The professor was of course right to use the word to make his point, but the point he made is completely wrong. It’s uncertain whether the “fighting words” doctrine still exists in US law, but he may well be correct that it does, for a very few words, including this one. But he mischaracterizes what that doctrine says. If it survives, and applies to this word, then a legislature may ban its use as an insult directed at a specific person, and one who so uses it may be arrested. It does not classify such use as “aggression”, it does not justify the person so insulted attacking the speaker, and it does not preclude the speaker from legitimately defending himself from such an attack.

    EEllis in reply to Milhouse. | March 5, 2018 at 12:03 pm

    In Illinois the term is provokes.

    Sec. 7-4. Use of force by aggressor.
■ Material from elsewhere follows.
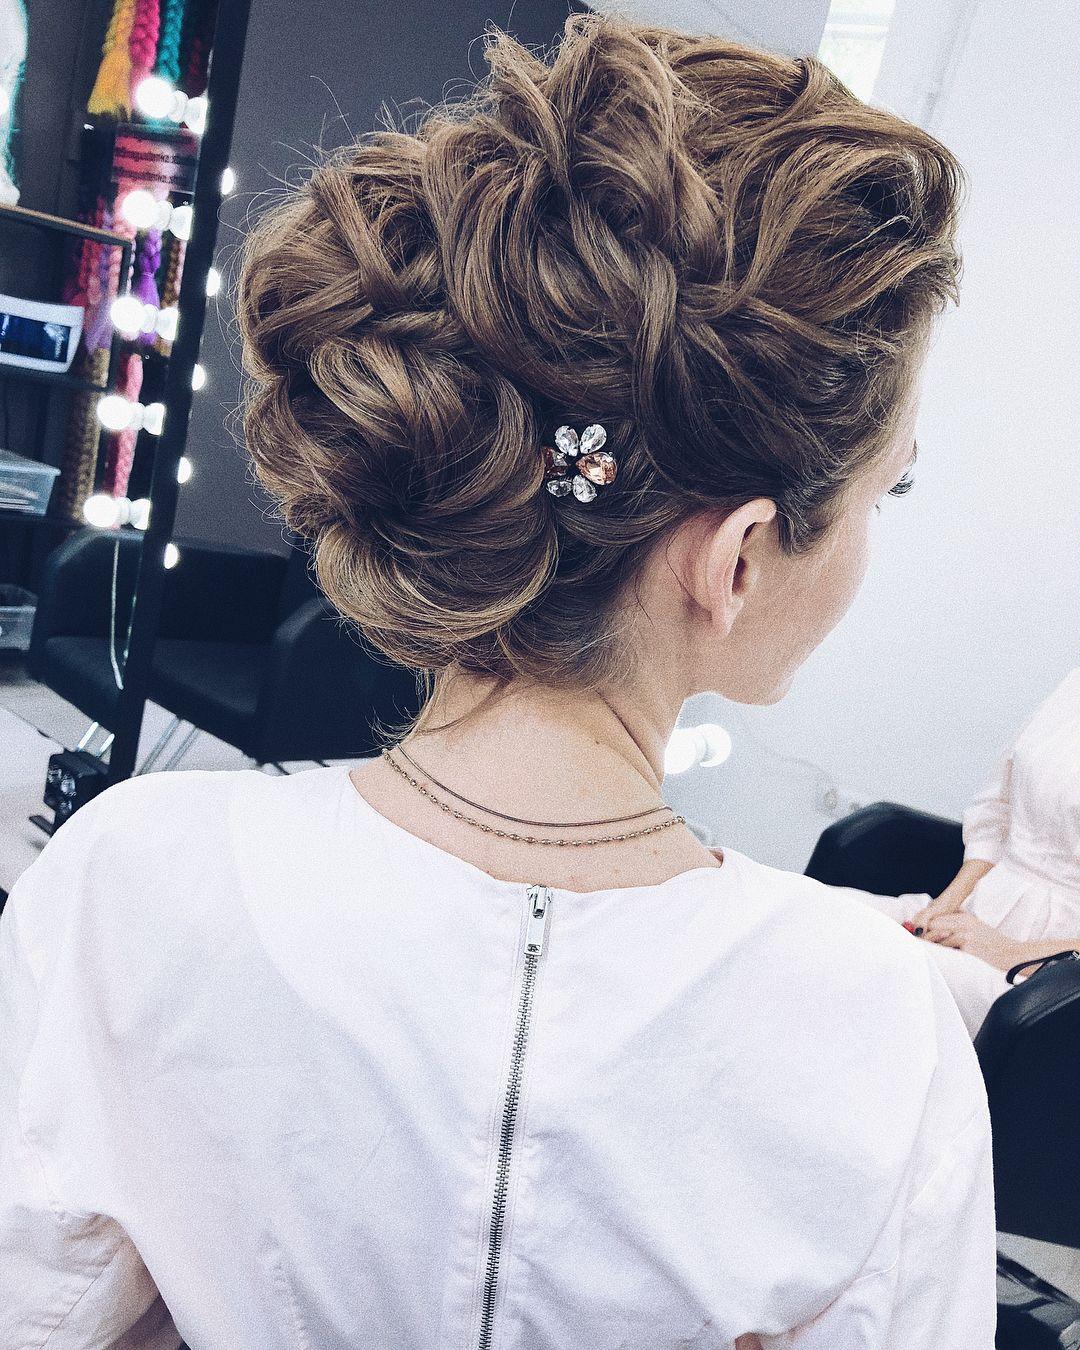 15 Pretty Prom Hairstyles 2021 Boho Retro Edgy Hair Styles Popular Haircuts Long Hair Styles Braids For Long Hair Hair Styles

The justification described in the preceding Sections of this Article is not available to a person who:
    (a) is attempting to commit, committing, or escaping

    after the commission of, a forcible felony; or
    (b) initially provokes the use of force against

    himself, with the intent to use such force as an excuse to inflict bodily harm upon the assailant; or
    (c) otherwise initially provokes the use of force

    against himself, unless:
    (1) such force is so great that he reasonably

    believes that he is in imminent danger of death or great bodily harm, and that he has exhausted every reasonable means to escape such danger other than the use of force which is likely to cause death or great bodily harm to the assailant; or
    (2) in good faith, he withdraws from physical

    contact with the assailant and indicates clearly to the assailant that he desires to withdraw and terminate the use of force, but the assailant continues or resumes the use of force.

    How anyone can think that the scenario originally mentioned would not meet the the necessary level of provocation I don’t get. Normal use of that word would cause a regular person to believe that an assault is the likely result. If you know, or a reasonable person would know, that the use will result in force being used against you the you have removed your self defence justification. Barring that you tried to get away and you think you might get killed of course.

DINORightMarie | March 6, 2018 at 12:49 am

Those who were offended should be removed from law school. They don’t belong in the profession. They can’t handle reality – and just imagine one of them trying to defend someone……I would NOT want any one of those people so easily offended by this hypothetical (that could happen – and probably has) to be anywhere on my legal team.

No refund. Fail them. Dismiss them from the law school.

(Aside – to me it is like a medical student who is offended by seeing a person’s naked body – male or female, alive or dead – and complaining about it. They don’t belong in medical school if they can’t deal with nudity or corpses. Period.)